TASK TO COMPLETE
Reproduce the listing below word for word, with no pictures.

INFORMATION SUPPLIED
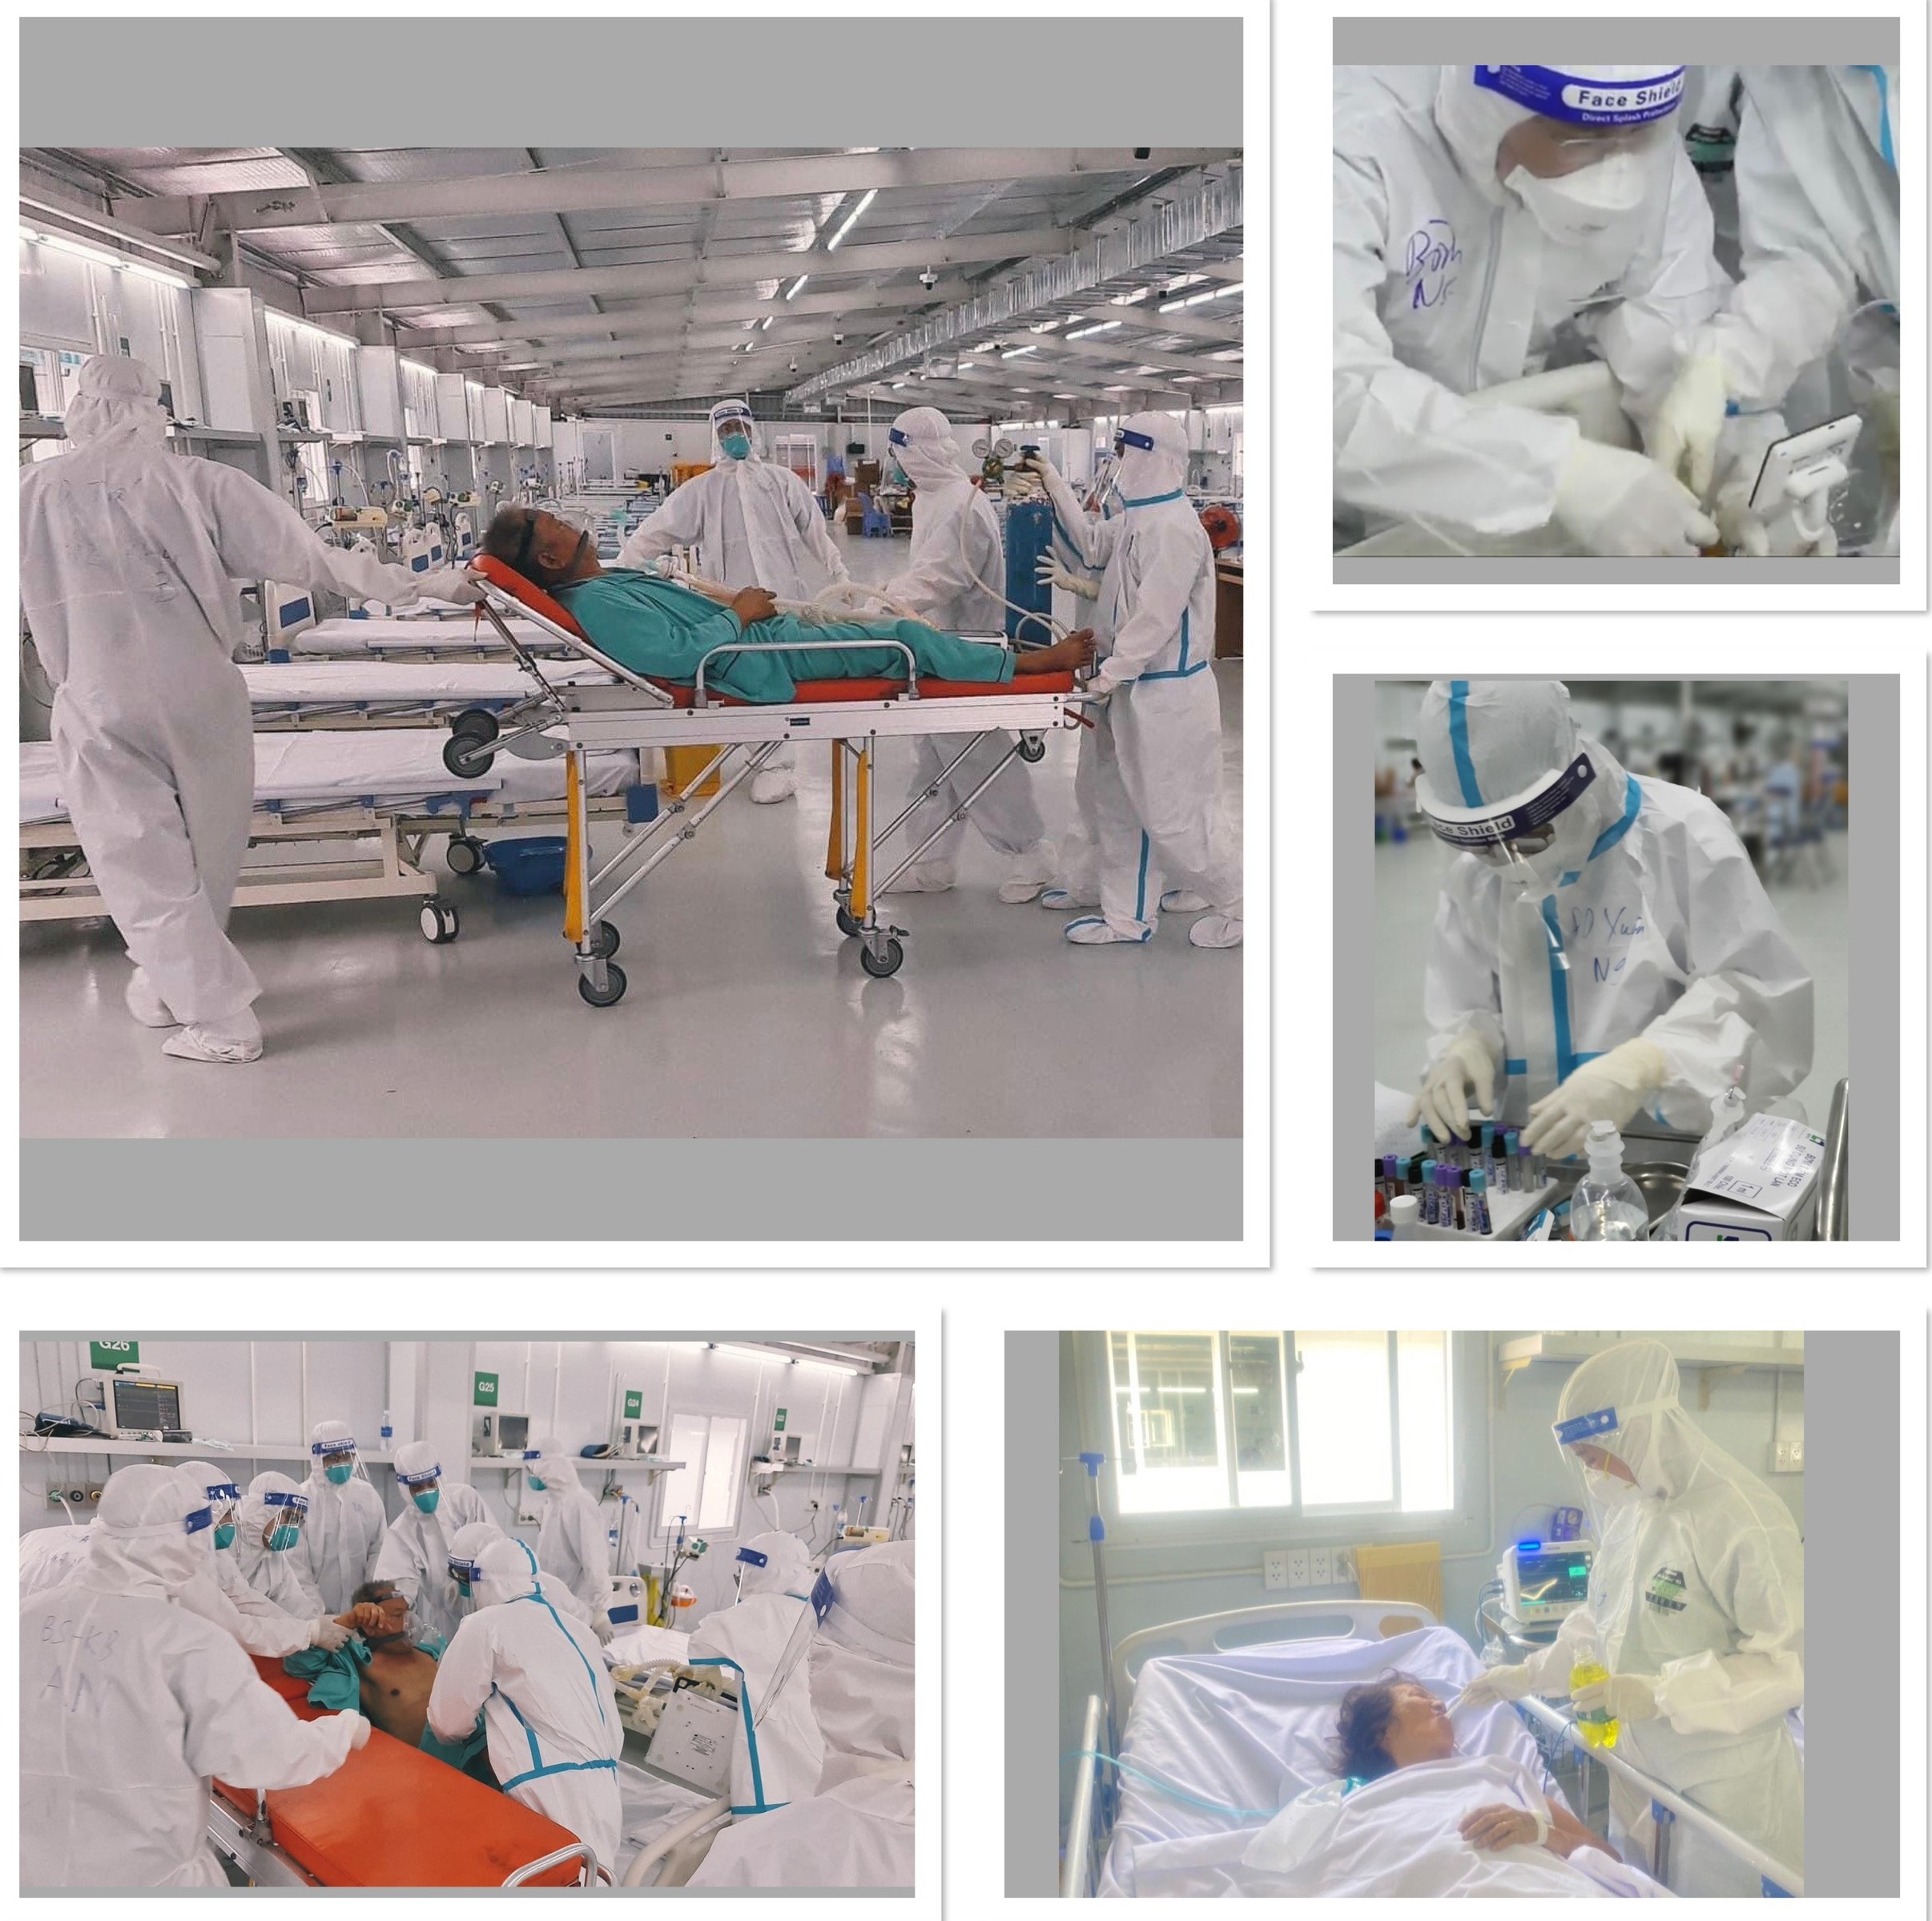 : Đoàn y bác sĩ tình nguyện BVBĐ tham gia điều trị, chăm sóc, hỗ trợ người bệnh nặng và rất nặng tại Trung tâm Hồi sức tích cực người bệnh COVI-19 Bệnh viện Dã chiến số 13. 
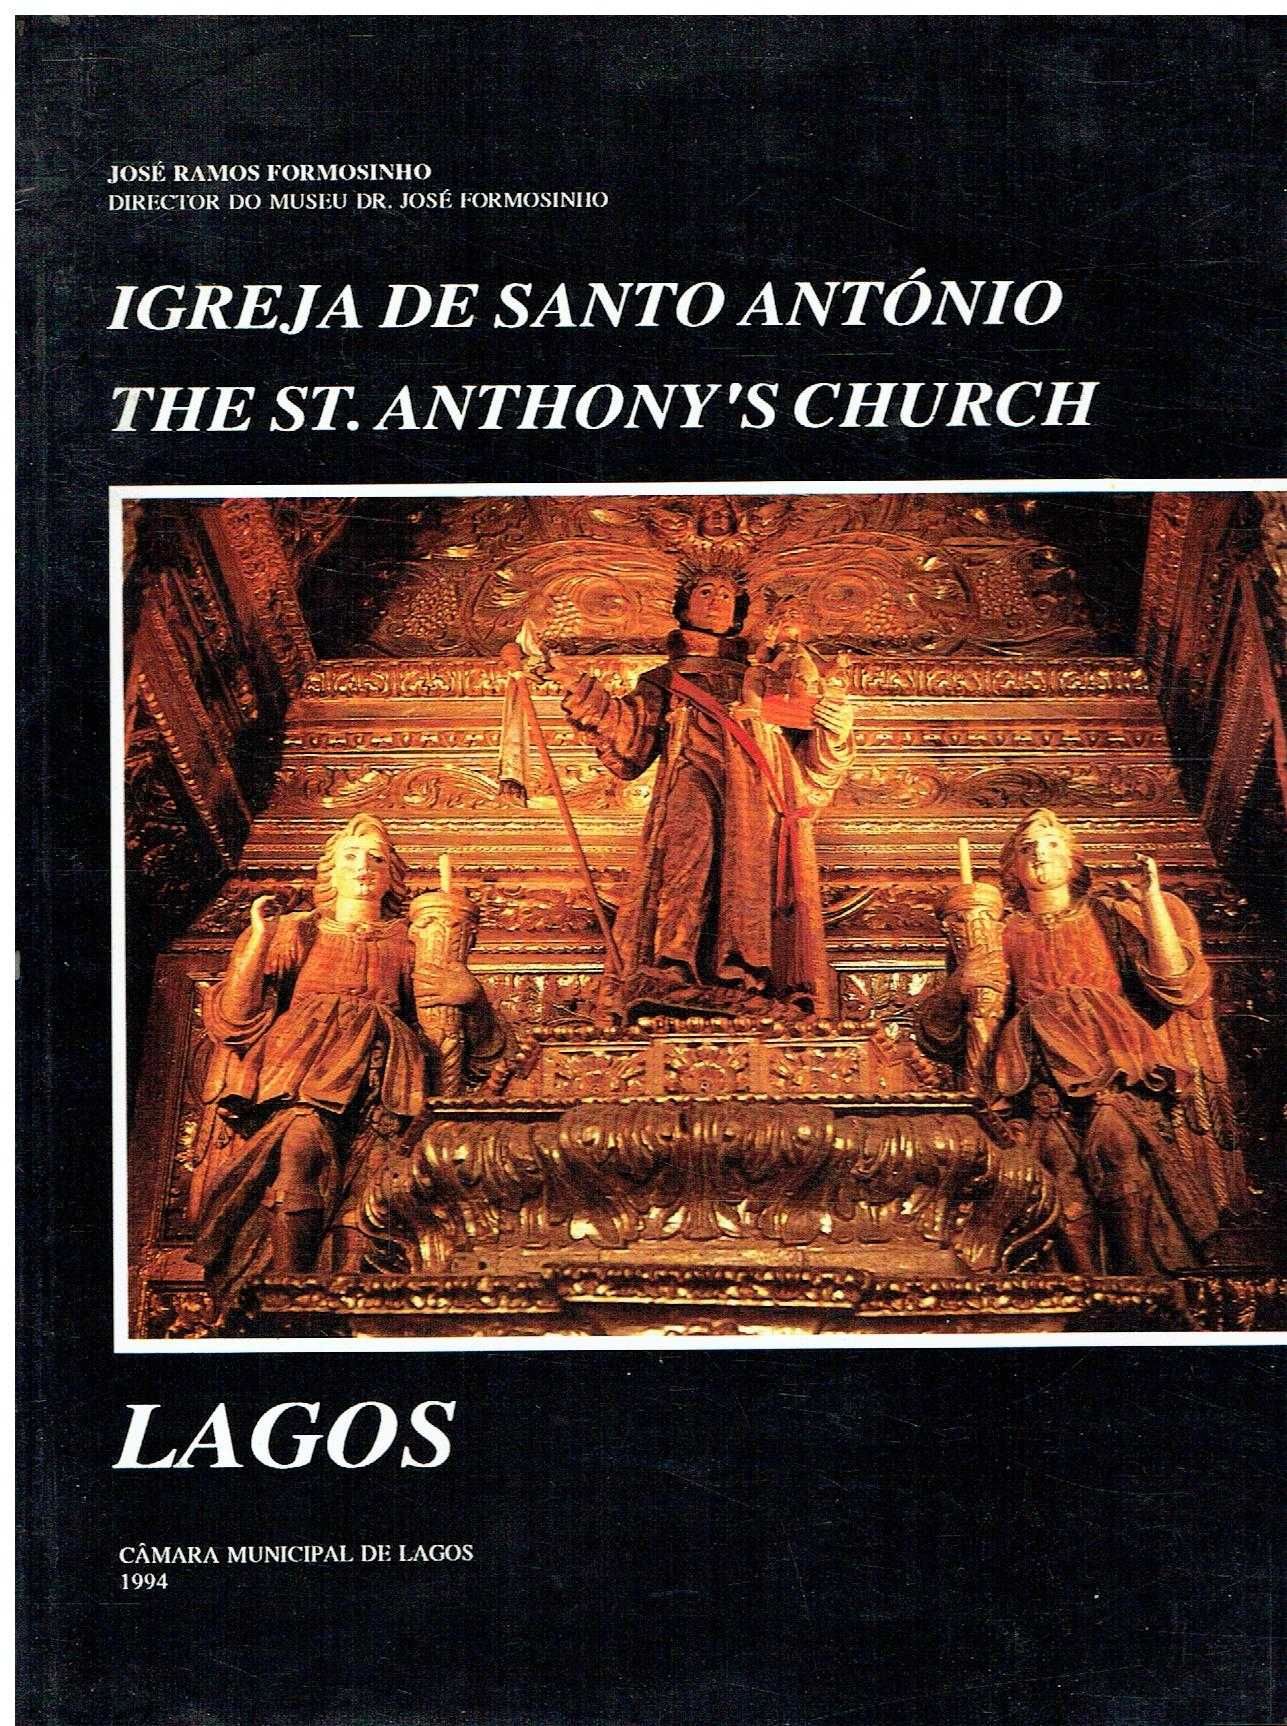 11373

Livros Antonianos / Santo António de Lisboa

THE ANSWER
 : Đoàn y bác sĩ tình nguyện BVBĐ tham gia điều trị, chăm sóc, hỗ trợ người bệnh nặng và rất nặng tại Trung tâm Hồi sức tích cực người bệnh COVI-19 Bệnh viện Dã chiến số 13. 
 11373

Livros Antonianos / Santo António de Lisboa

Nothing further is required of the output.